Relating transient electroluminescence lifetime and bulk transit time in OLED during switch-off

We present a study on the dependence of the transient electroluminescence lifetimes in polyfluorene-blend based light emitting diodes on the injection efficiency during the turn-off cycle. Using a specially designed driver that minimizes the interaction of the outer switch-off circuit with the diode, we were able to keep the light intensity continuous during the switching and allow the study of the dynamic mechanisms of intrinsic charge. We observed a bi-exponential decay of the transient electroluminescence, a fast decay with a lifetime of tens of nano-seconds, followed by a slow decay with a lifetime of hundreds of nano-seconds.
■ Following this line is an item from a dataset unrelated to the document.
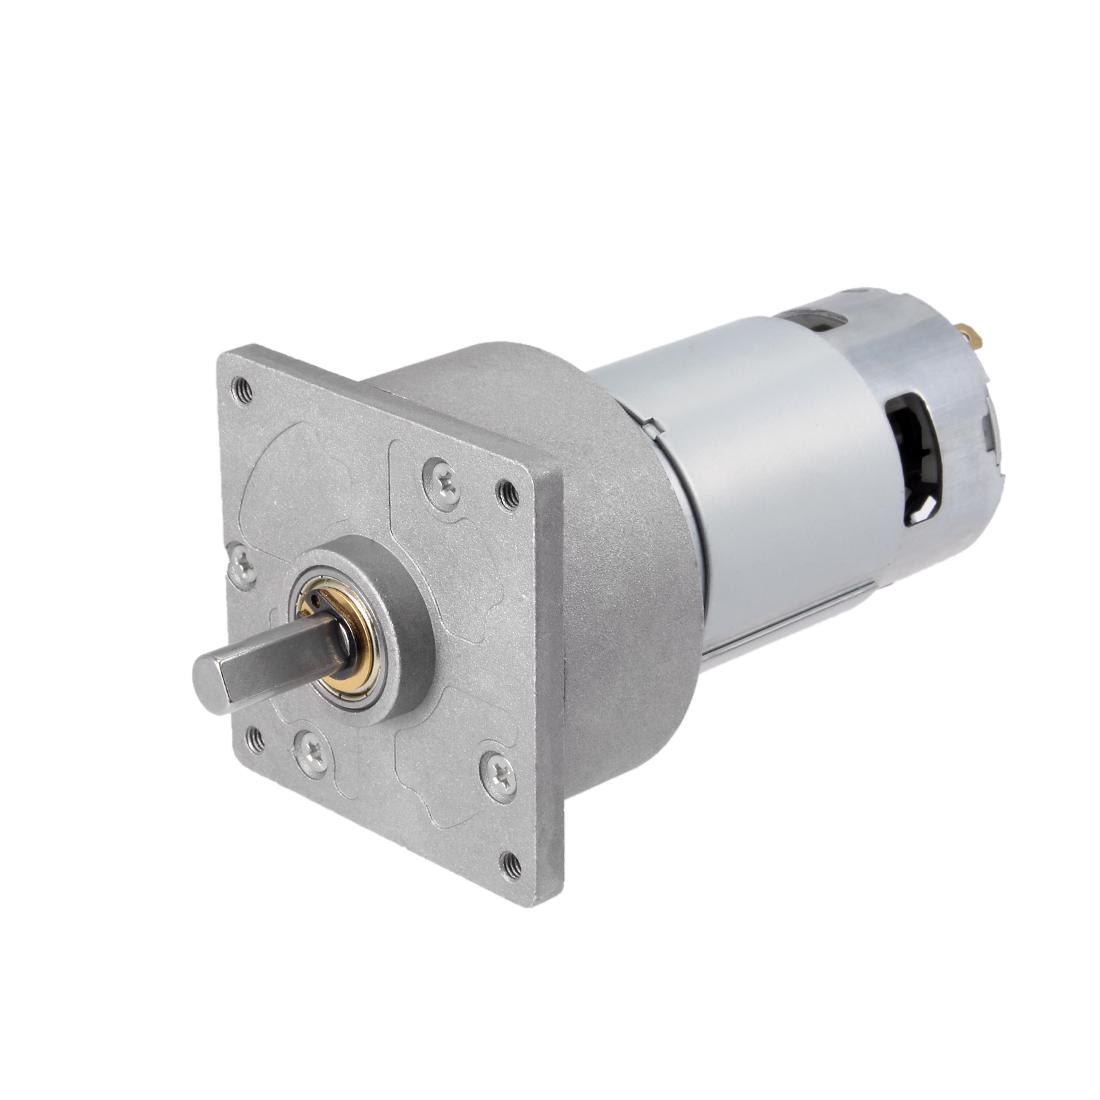 12V DC 150 RPM Gear Motor High Torque Reduction Gearbox Centric Output D Shaft
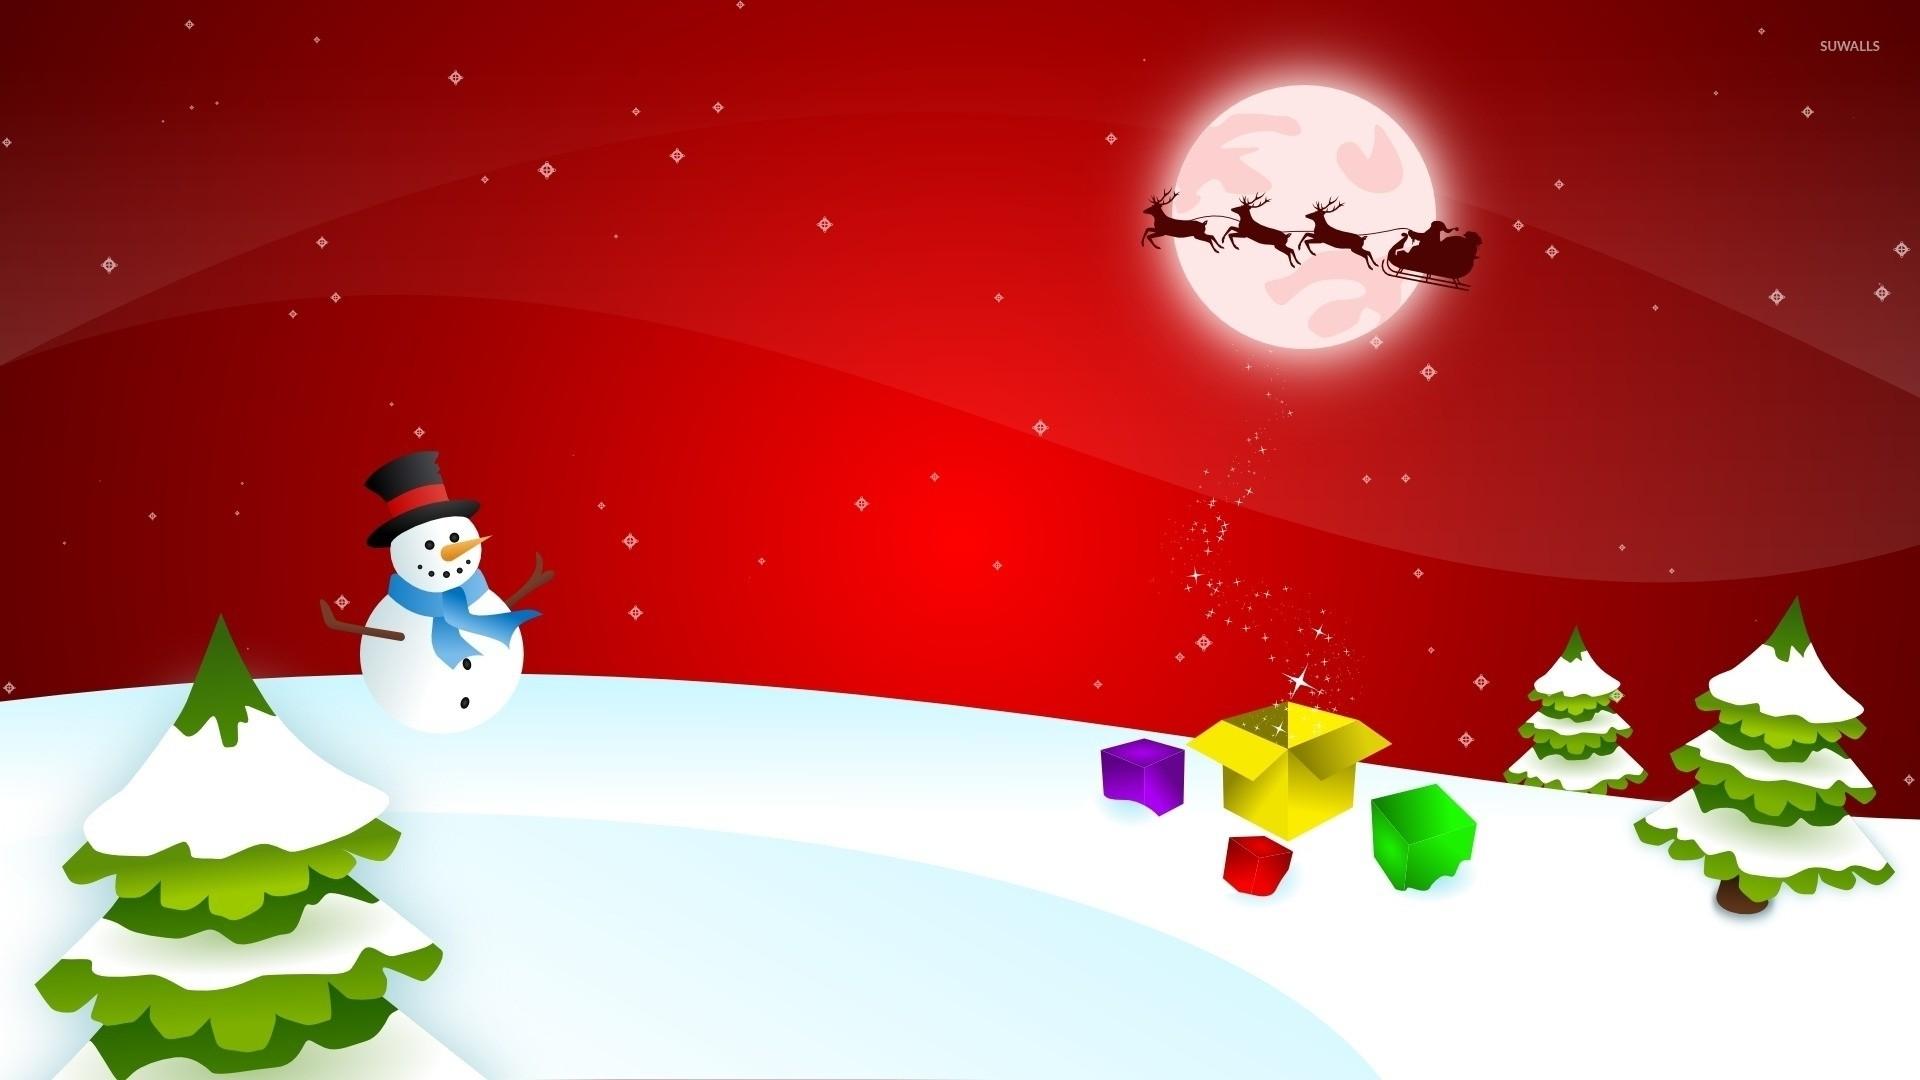 Santa Claus on the magical Christmas Eve wallpaper jpg

We found that the slow lifetime increases, by more than 25 percent, with the increase in the injection efficiency, controlled by varying the thickness of a LiF injection layer. We attribute the slow decay to the transit time via the drift of the mobile charges between the space charge regions during discharge. We tested and verified this hypothesis using two methods that affect the electric field in the bulk region. In the first we controlled the thickness of the active layer and in the second we varied the applied operation voltage. Based on this model, we showed that the variation in the thickness of the injection layer influences the width of the space-charge region and hence influences the division of the voltage drop between the space charge regions and the bulk. We found that under a constant applied voltage, devices with higher injection efficiency have a smaller electric field in the bulk, and therefore, a longer transit time, which correlates with the EL decay lifetime. These observations are supported by simulation based on the drift-diffusion model.